Fed officials said in a statement on June 14 after a two-day policy meeting that they considered the decision not to raise rates this time to be prudent. However, most of them said they expected further rate hikes this year.
"Nearly all members believe that further rate hikes this year are appropriate to bring inflation back to 2%," Fed Chairman Jerome Powell said at a press conference later.
Fed Chairman Jerome Powell at a press conference on June 14. Photo: Reuters
The benchmark interest rate in the US is currently around 5-5.25%. This is the highest level in more than 15 years.
The Fed has raised interest rates 10 times since March 2022, aiming to cool inflation that is still double its target. The Fed rate applies to overnight interbank loans. While it is not the rate consumers pay, it can still affect the interest rates on loans and savings they encounter on a daily basis, such as mortgages, auto loans, and credit cards.
The Fed’s next policy meeting is in July. Future moves will depend on upcoming economic data, including the job market. Wage growth remains strong, putting pressure on prices.

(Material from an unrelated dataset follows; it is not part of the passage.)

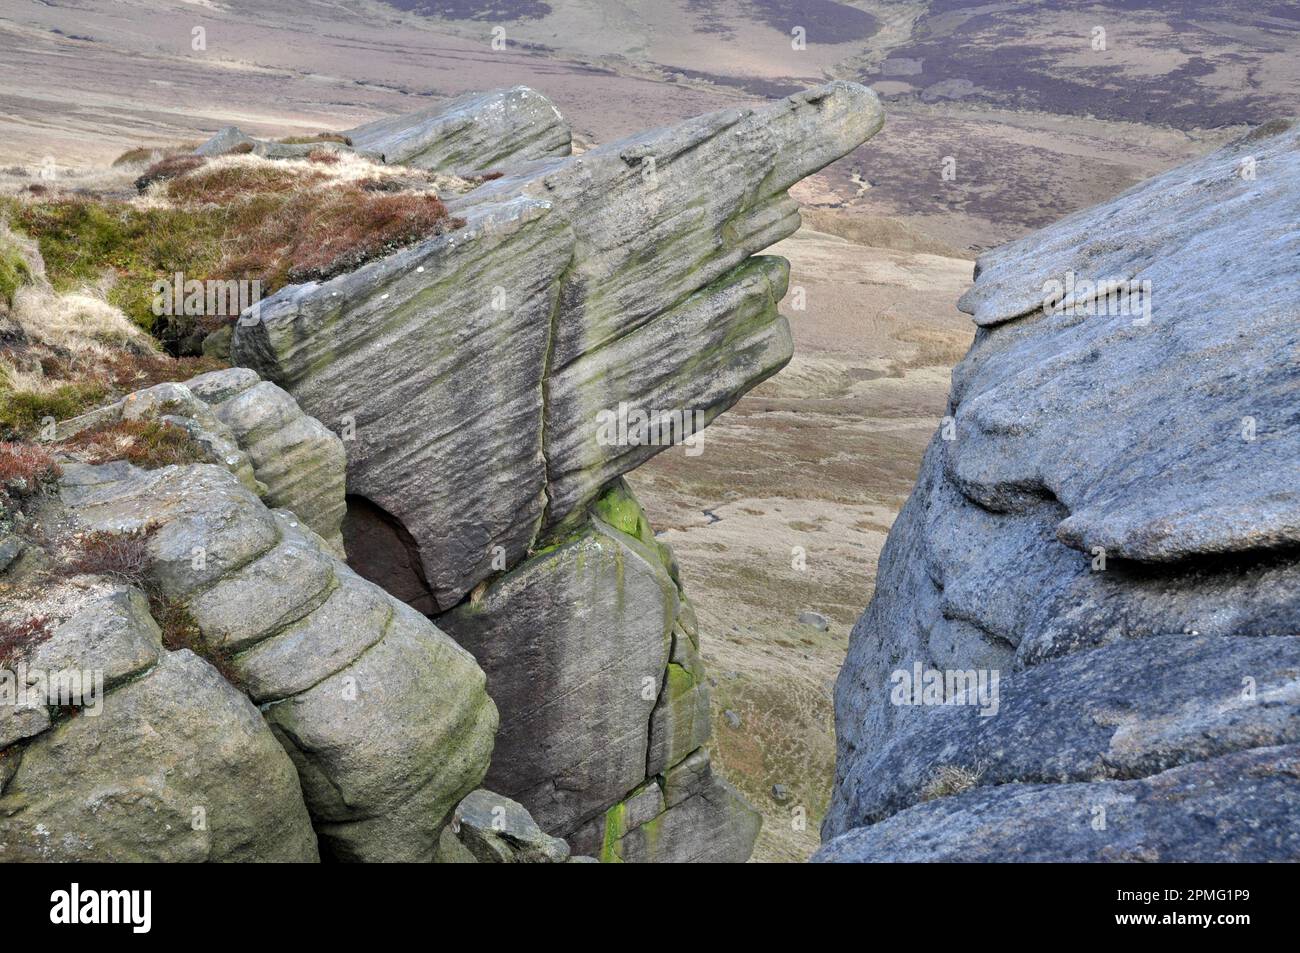 Rock formation looking like a signpost, on the North edge of Kinder Scout, Peak District, Derbyshire, England Stock Photo

Leading economists say the labor market is to blame for persistently high interest rates and needs to be rebalanced to bring inflation back to 2%. Most members of the Federal Open Market Committee (FOMC) – the Fed’s monetary policy-setting body – expect unemployment to rise to 4% to 4.1% this year.

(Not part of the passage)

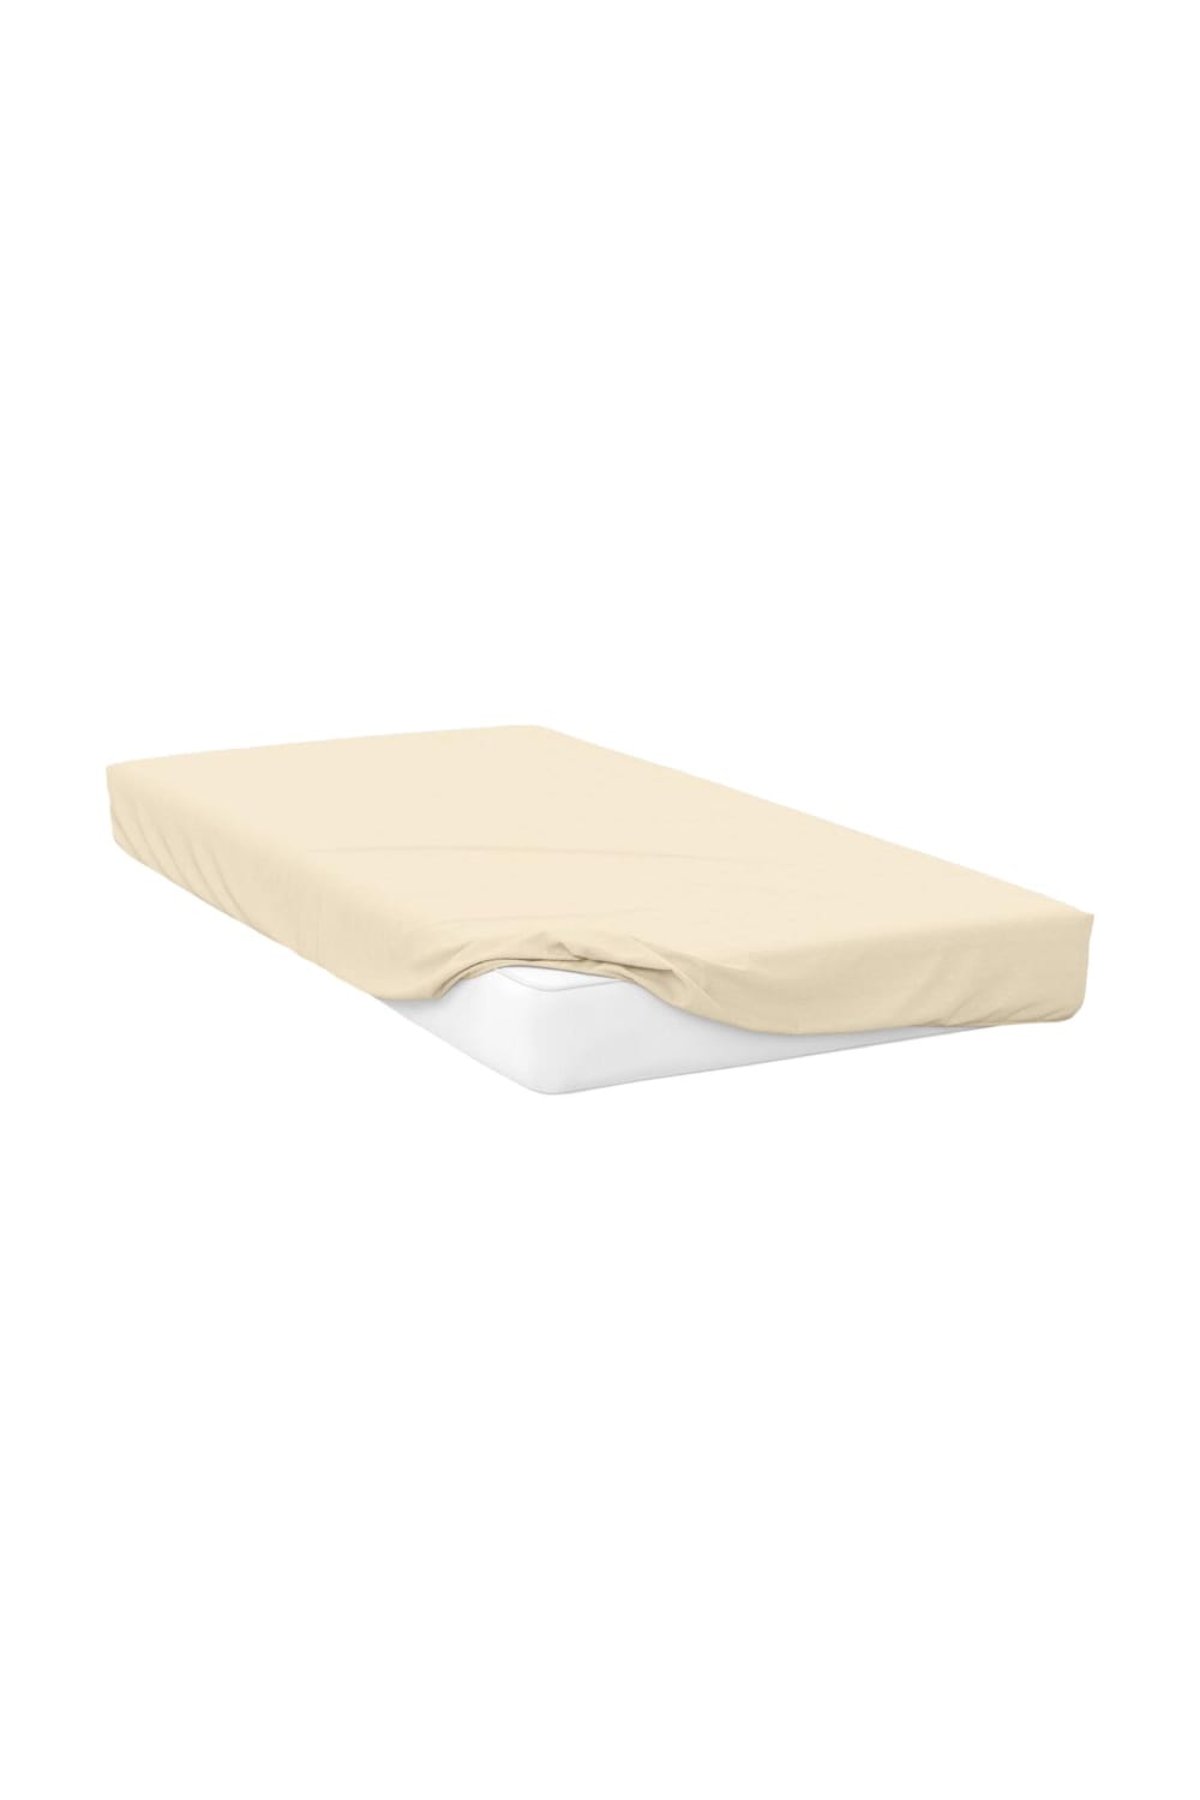 Belledorm 100% Cotton Jersey Memory Foam Fitted Sheet All Sizes and Depths Ivory

Fed interest rate adjustments since 2006. Chart: Reuters
"The Fed is increasingly paying attention to the jobs and core inflation numbers. They want to dampen market optimism so that the inflation fight doesn't get harder and the economic problems don't get worse," Seema Shah, chief global strategist at Principal Asset Management, told CNN.
While the Fed believes further rate hikes are necessary to keep inflation in check, Powell believes inflation will continue to cool. That’s because housing costs, which account for the bulk of core inflation, are slowing. “You’re going to see new rents come down. It’s really just a matter of time,” he said.
Fed officials forecast the Personal Consumer Expenditures Price Index (PCE) — the agency's preferred inflation measure — will come close to 2% next year and reach 2% by 2025.